He & MacGregor (2018) in a research on the relationship between high salt intake and cardiovascular diseases propose that a high level of sodium in food is highly detrimental and takes a toll on the life of a person. They explain that high sodium in foods increases the risk of hypertension which is dangerous, especially for people with comorbidities. The above argument is further supported by Bandy et al (2021) in research on U.K food safety and sodium levels found that high sodium levels increased the risk of cardiovascular diseases, hypertension, renal diseases, and stroke by 55% in a sample population of 1045 on a study conducted between 2019 and 2021. A study conducted by (Barton et al., 2011) raised blood pressure accounted for 47% of strokes and this is linked to evidence that high consumption levels of salt consumed in diets is the leading cause for high blood pressure.

Elsewhere Rippin et al., (2019) in a research on the effects of high sodium levels in energy foods in the UK by use of urinary sodium surveys, also found that the risk of hypertension and stroke was increased by 49% in a study sample size of 2200 drawn from various age groups.
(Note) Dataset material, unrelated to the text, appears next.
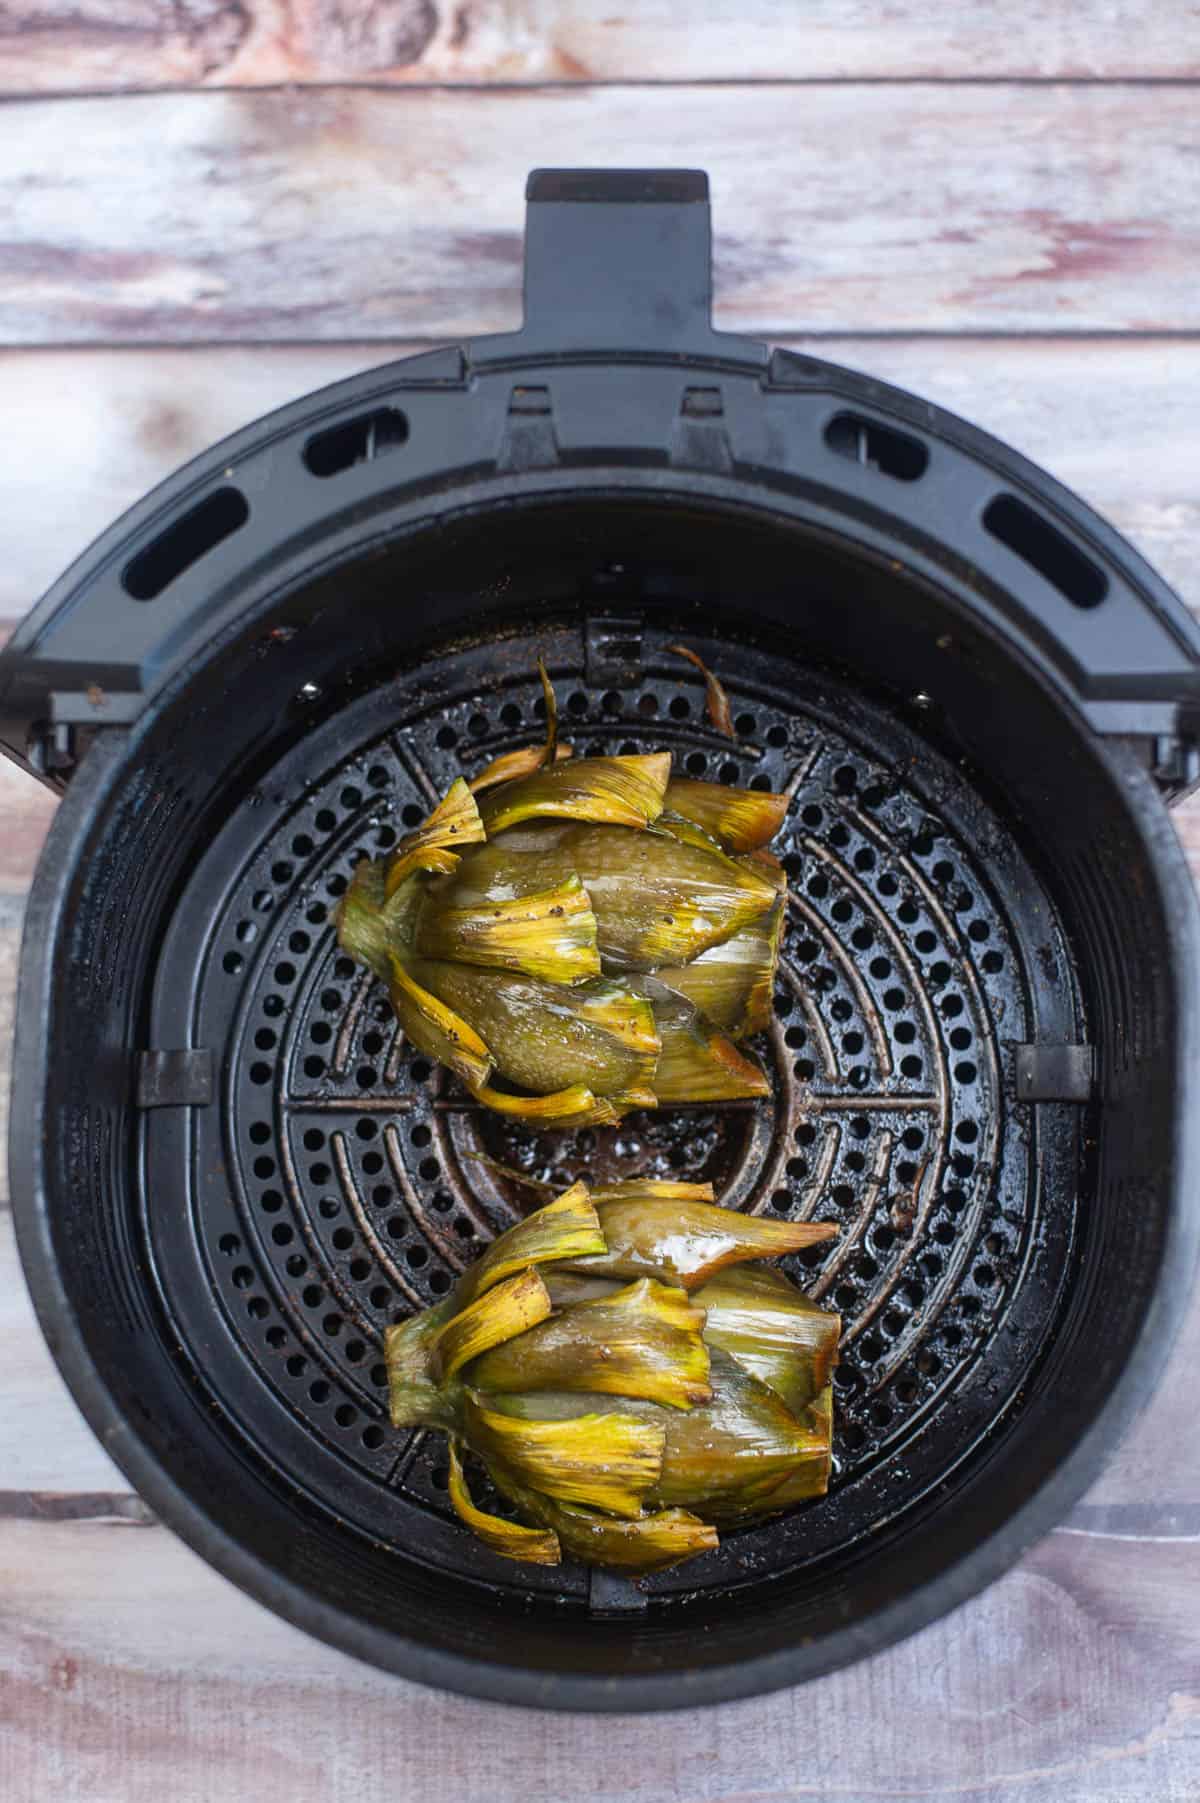 Artichokes cooked in an air fryer on a wooden table.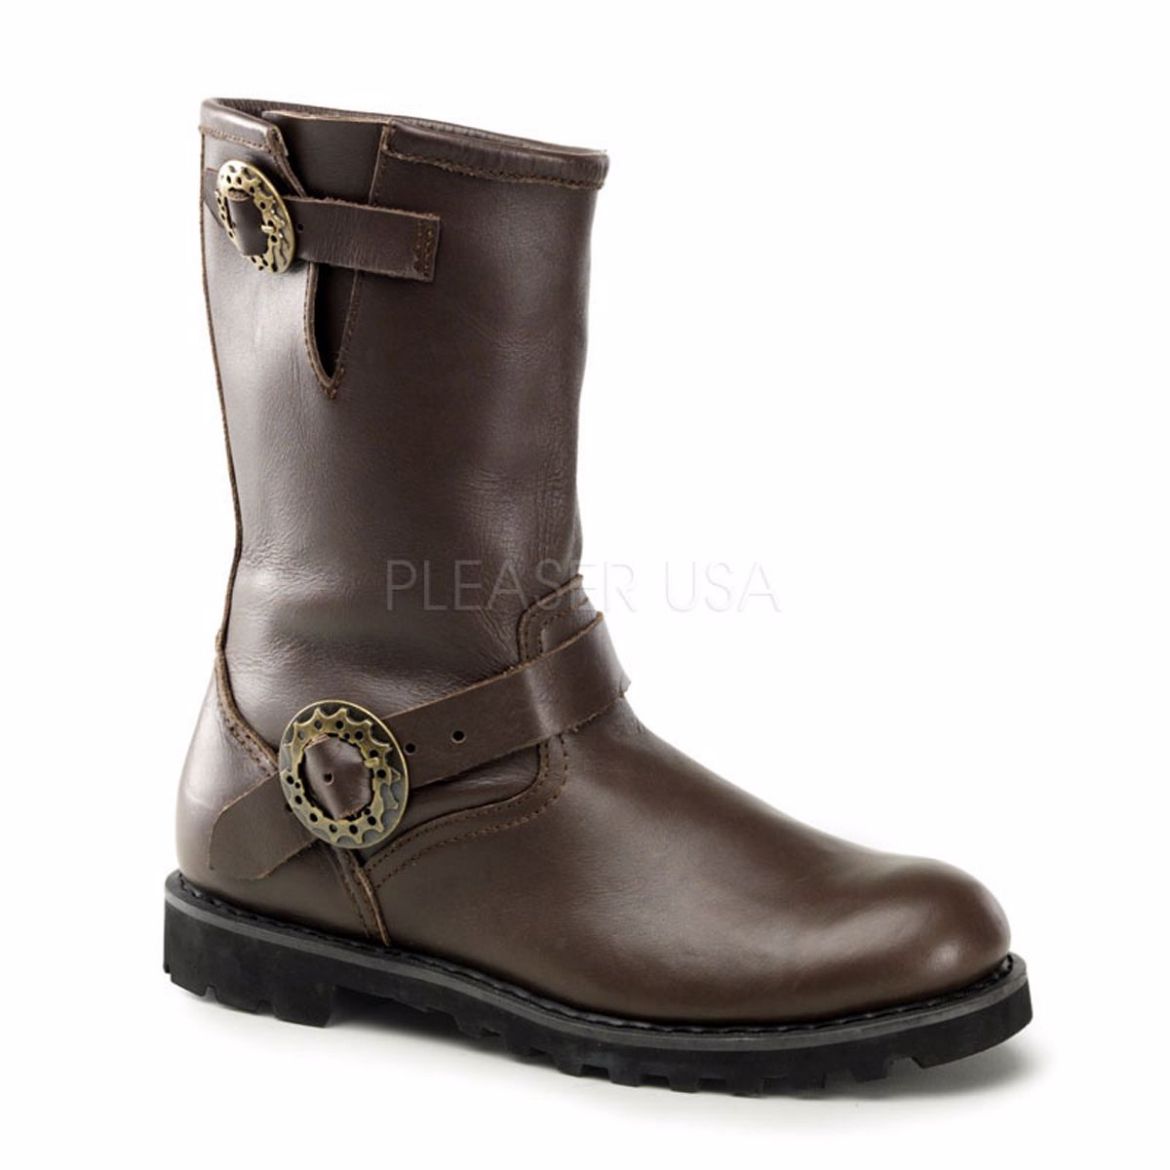 Product image of Demonia Steam Brown Leather, 1 1/4 inch (3.2 cm) Heel Knee High Boot

Additionally, the study also revealed, that 76% of the sodium taken was drawn from processed foods. The above therefore creates the need to investigate sodium levels in foods in the UK if they are in line with the F.S.A 2024 standards.

Antúnez et al., (2019) in a research on the F.S.A guidelines and standards on foods, explains various standards. Among the main findings is that there are various subcategories of targets to be met by food manufacturers by 2024. For instance, slices of bacon are set at 1035 sodium (2.59g of sodium) per 100 grams of bacon and 430mg sodium (1.08g sodium) per 100 grams of sausages. Tan et al., (2019) in research on the same, support the above findings by further giving more targets as set out by the F.S.A. further, the author lists and explains the targets like meat pies with a target of 370 mg sodium (0.93 sodium) per 100 gram of meat pie and standard of 320mg sodium (0.8g salt) for meat-based pasties by 2024.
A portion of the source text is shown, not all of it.